Die hundertprozentige Tochter des Chemiekonzerns BASF, die BASF IT Services, hat damit vollendet, was die Mutter BASF vor fünf Jahren begonnen hat. Damals habe es eine Unzahl an Rechnern gegeben, berichtet Ruckert, der bei BASF die PC-Standardisierung auf den Weg brachte. "Die Anzahl der PC-Typen haben wir auf dem Ludwigshafener Campus auf zwei reduziert." Damit nicht genug: Im Jahr 2000 suchte BASF IT erneut nach weiteren Möglichkeiten für eine Straffung und Standardisierung der Prozesse. Das konzernweite Programm "Fit for the future" war bereits 2001 ausgerufen, in dessen Rahmen "Kostenvorteile" von 400 Millionen Euro pro Jahr erzielt werden sollten. Danach leitete Ruckert das Projekt Global PC-Standardisation (GPS). Es ist ein Bestandteil des "Esprit-Programms, das den Umbau der IT-Systemlandschaft fokussiert.

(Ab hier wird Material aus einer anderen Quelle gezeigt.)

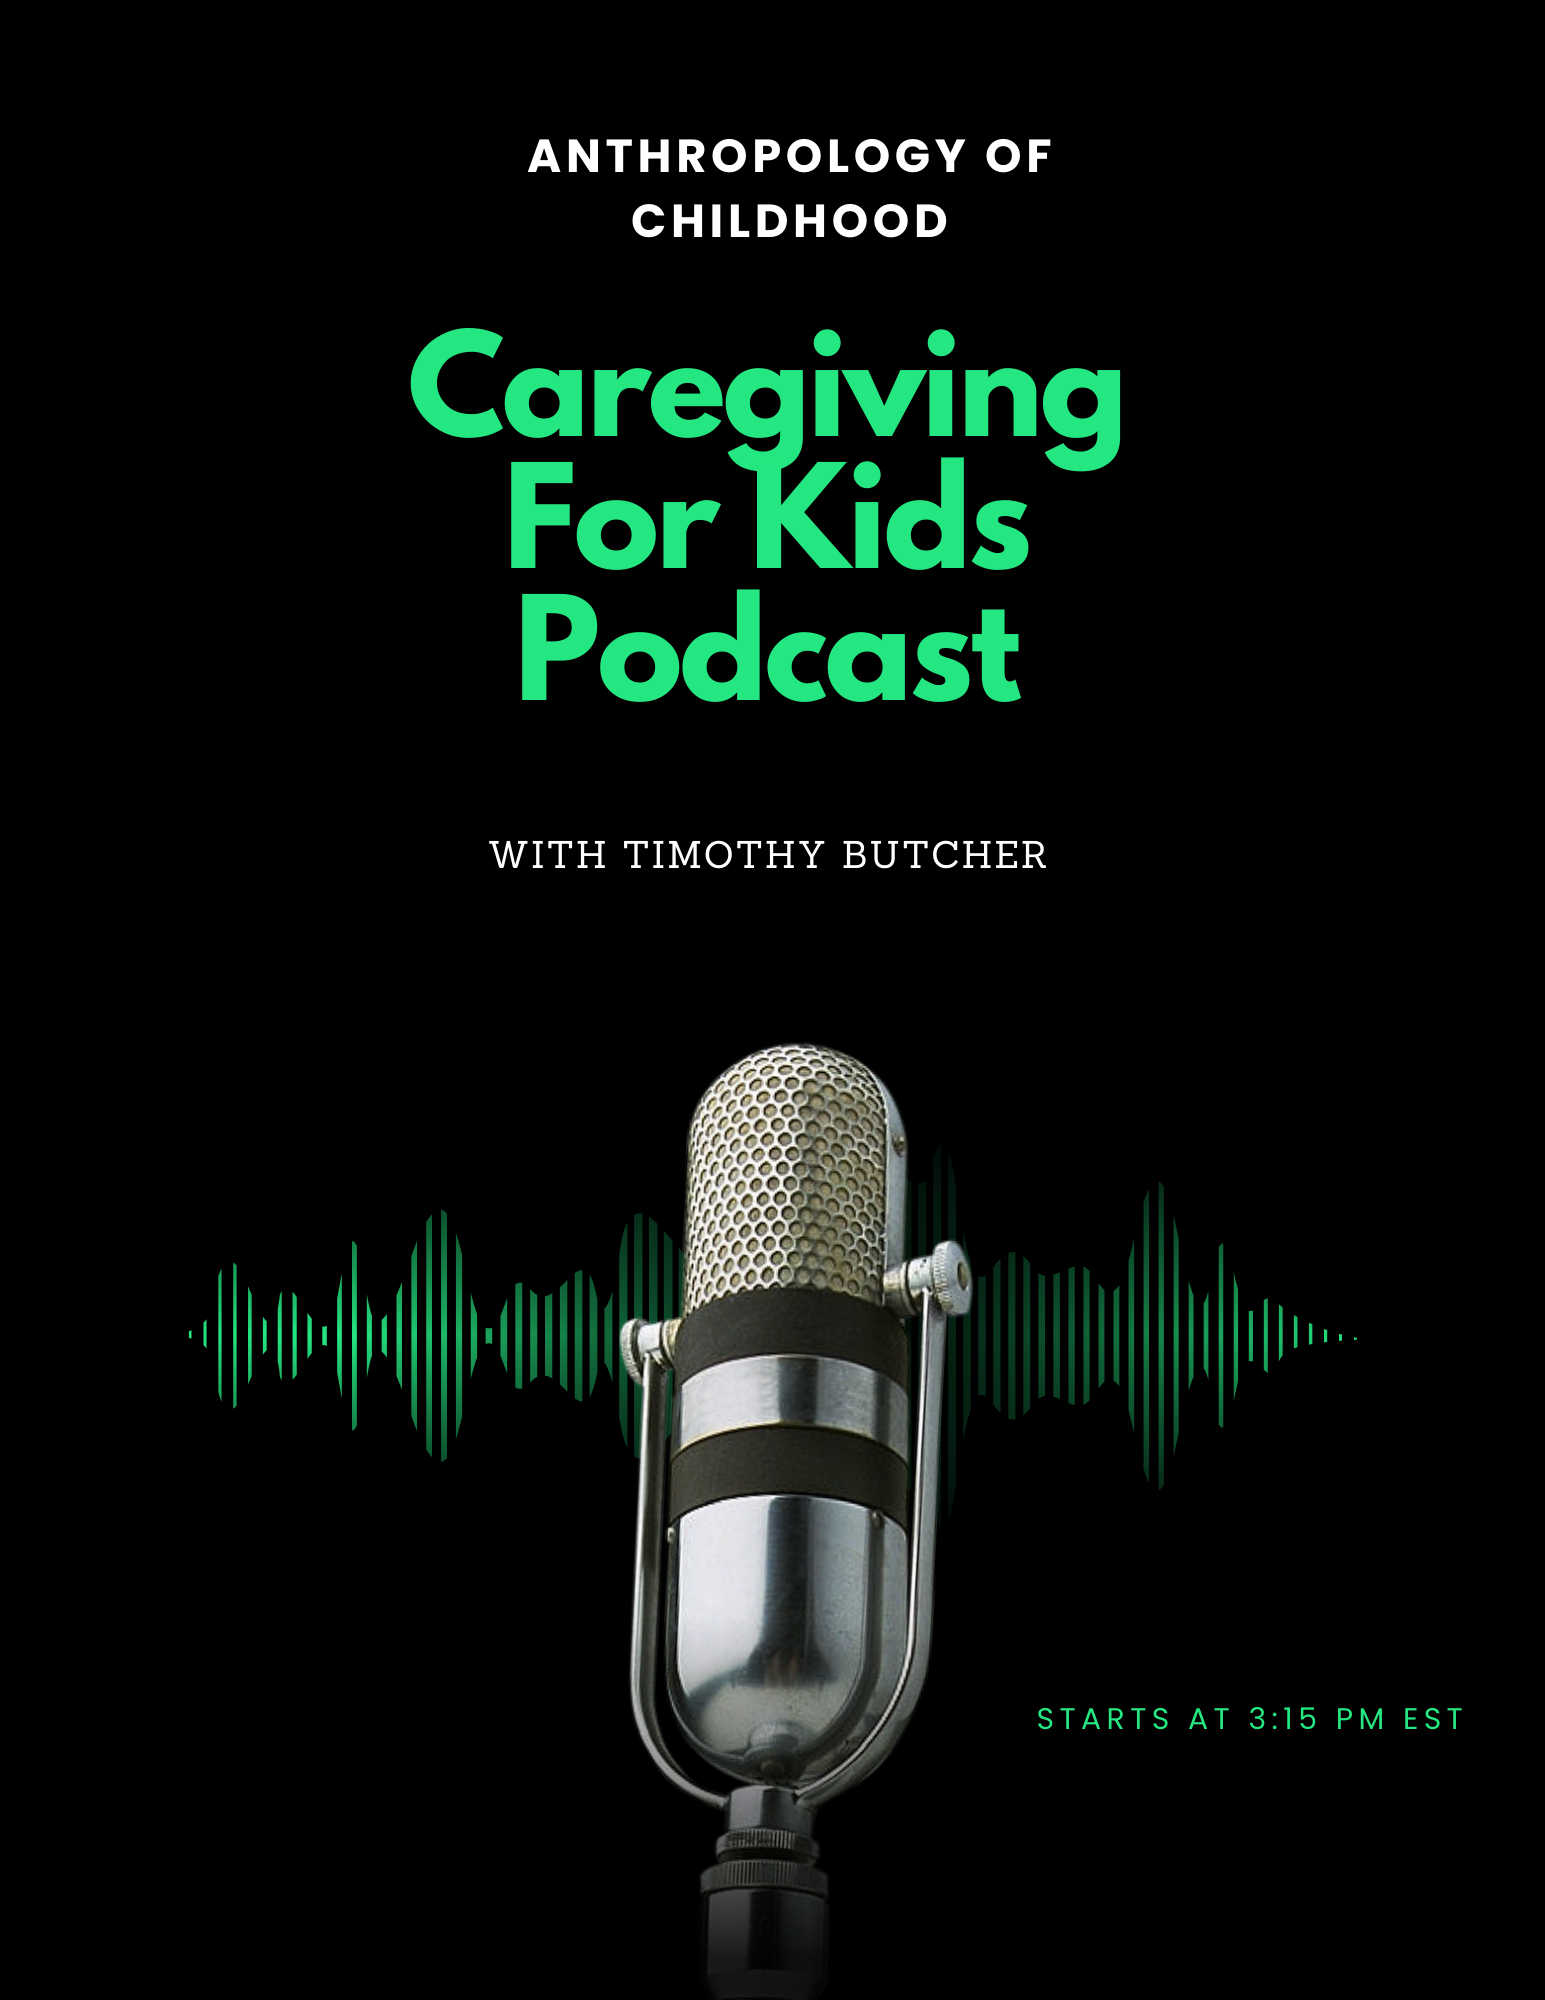 A flyer advertising the &ldquo;Caregiving for Kids&rdquo; podcast

Auch deshalb formierte der BASF-Vorstand eine eigenständige IT-Gesellschaft, die die Prozesse im Haus erneut unter die Lupe nahm - BASF IT Services, intern auch BIS genannt.

Die Besonderheit: Um die Unabhängigkeit von der Mutter zu untermauern, suchte man sich einen zentralen Standort in Europa - in der Schweiz. Der Hauptsitz der BASF IT Services liegt im kleinen Wädenswil an der Nordseite des Zürichsees mit Alpenpanorama. Gerne richtet Geschäftsführer Krakau seinen Blick auch auf den externen Markt. "Die Tinte ist noch nicht getrocknet", sagt Marketing-Mann Krakau auf die Frage, weshalb er noch nichts zu den neuen Vertragsabschlüssen mit externen Kunden sagen darf. Derzeit verzeichnet der Wädenswiler IT-Dienstleister nur fünf Prozent externen Umsatz. "Für 2005 erwarten wir hier 60 Millionen Euro Umsatz", erzählt Krakau. Der Gesamtumsatz der Firma liegt derzeit bei etwa 450 Millionen Euro, soll aber um zehn bis fünfzehn Prozent fallen - und dies ist nicht zuletzt eine Folge der Verschlankung der Geschäftsprozesse.

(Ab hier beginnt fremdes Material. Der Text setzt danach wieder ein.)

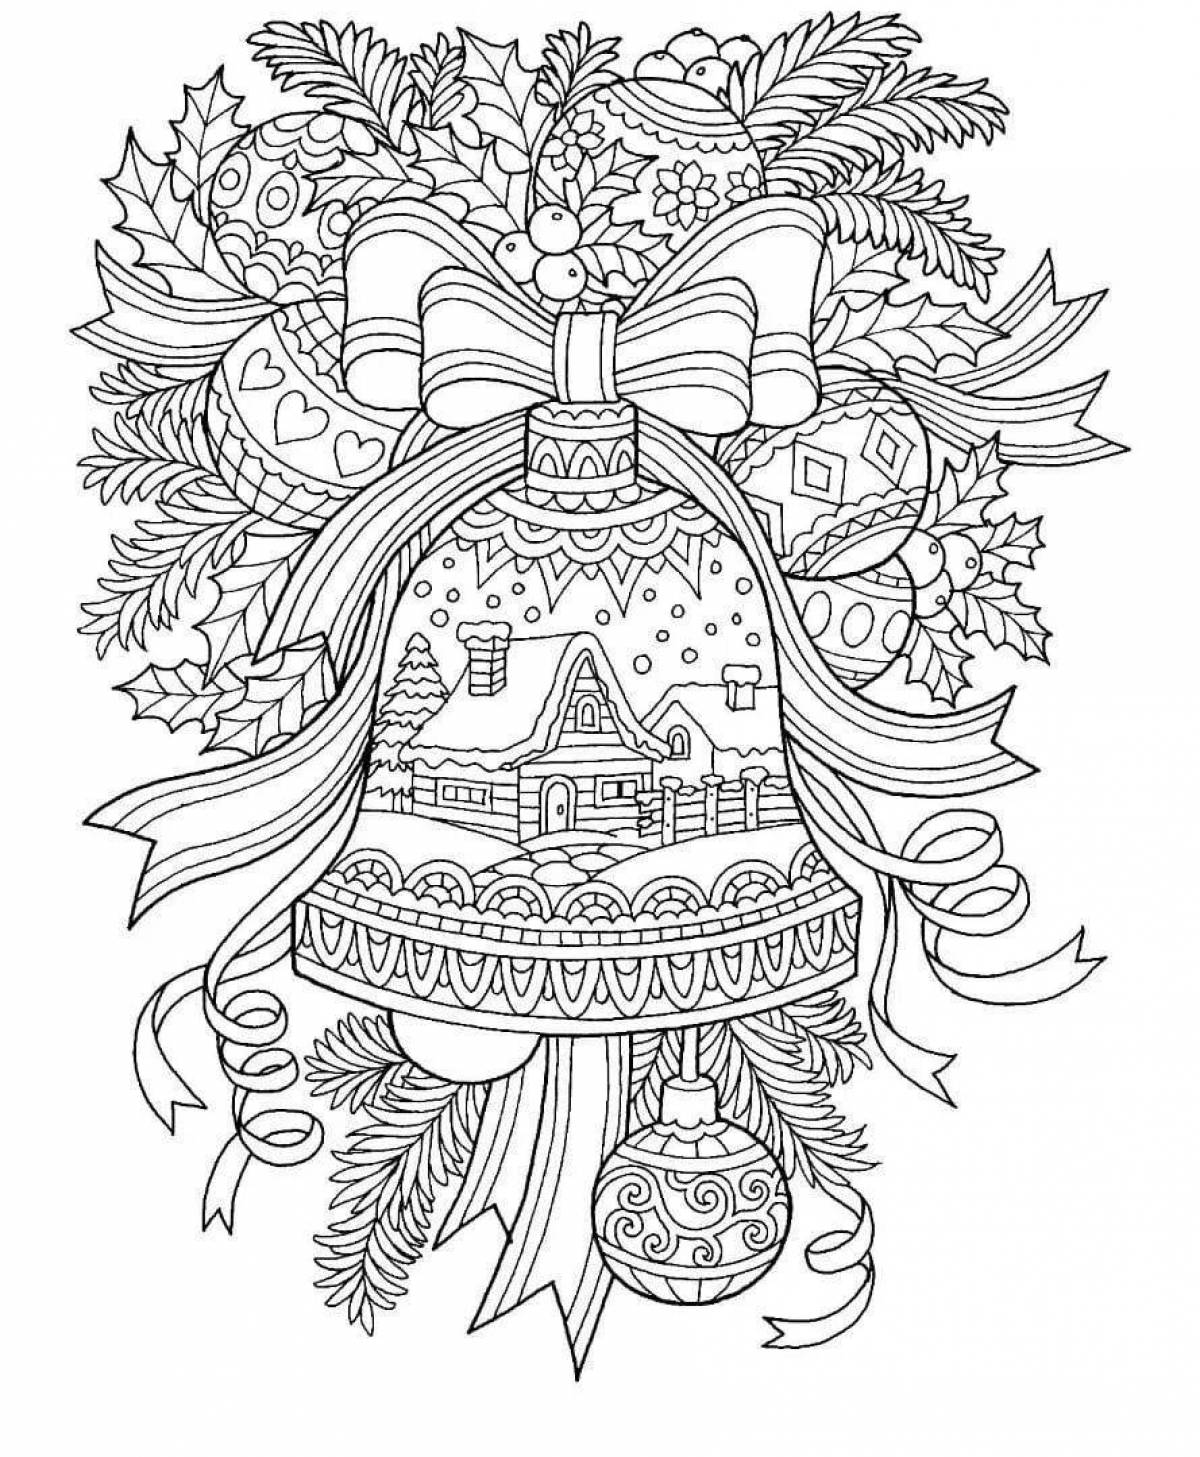 Radiant coloring page hard winter

Krakau zögert, wenn er die Entscheidungsprozesse bei BASF erläutern soll, denn er möchte das Geschäft nach draußen verbessern - BASF sei da nur ein Kunde. Das GPS-Projekt unter dem Esprit-Mantel versteht er nur als Referenz für externe Kunden, verhehlt aber nicht, dass der Umsatz von BASF IT Services in etwa dem gesamten IT-Budget von BASF entspricht. Das GPS-Projekt hat das Steering-Kommitee mit IT-Vorstand Uwe Bock und den ITLeitern der Geschäftseinheiten beschlossen. "Wir hatten stets die Unterstützung vom oberen BASF-Management", so Ruckert. Dadurch seien auch die Verantwortlichkeiten geklärt - ein Schlüsselfaktor für das Projekt.

IT-Manager Wilsdorf ist im Großen und Ganzen zufrieden: "Man kann bei einem Projekt dieser Größenordnung keine Perfektion erwarten, es stehen noch Zusammenlegungen von Anwendungen sowie die Standardisierung der Peripherie an." Etwa vier Fünftel der Arbeit sei getan, so schätzt der IT-Manager - wesentliche Schritte seien gemacht, um Fehler schneller beheben, die Servicequalität verbessern und IT-Kosten senken zu können. Doch für eine Daumenrechnung sei es noch zu früh.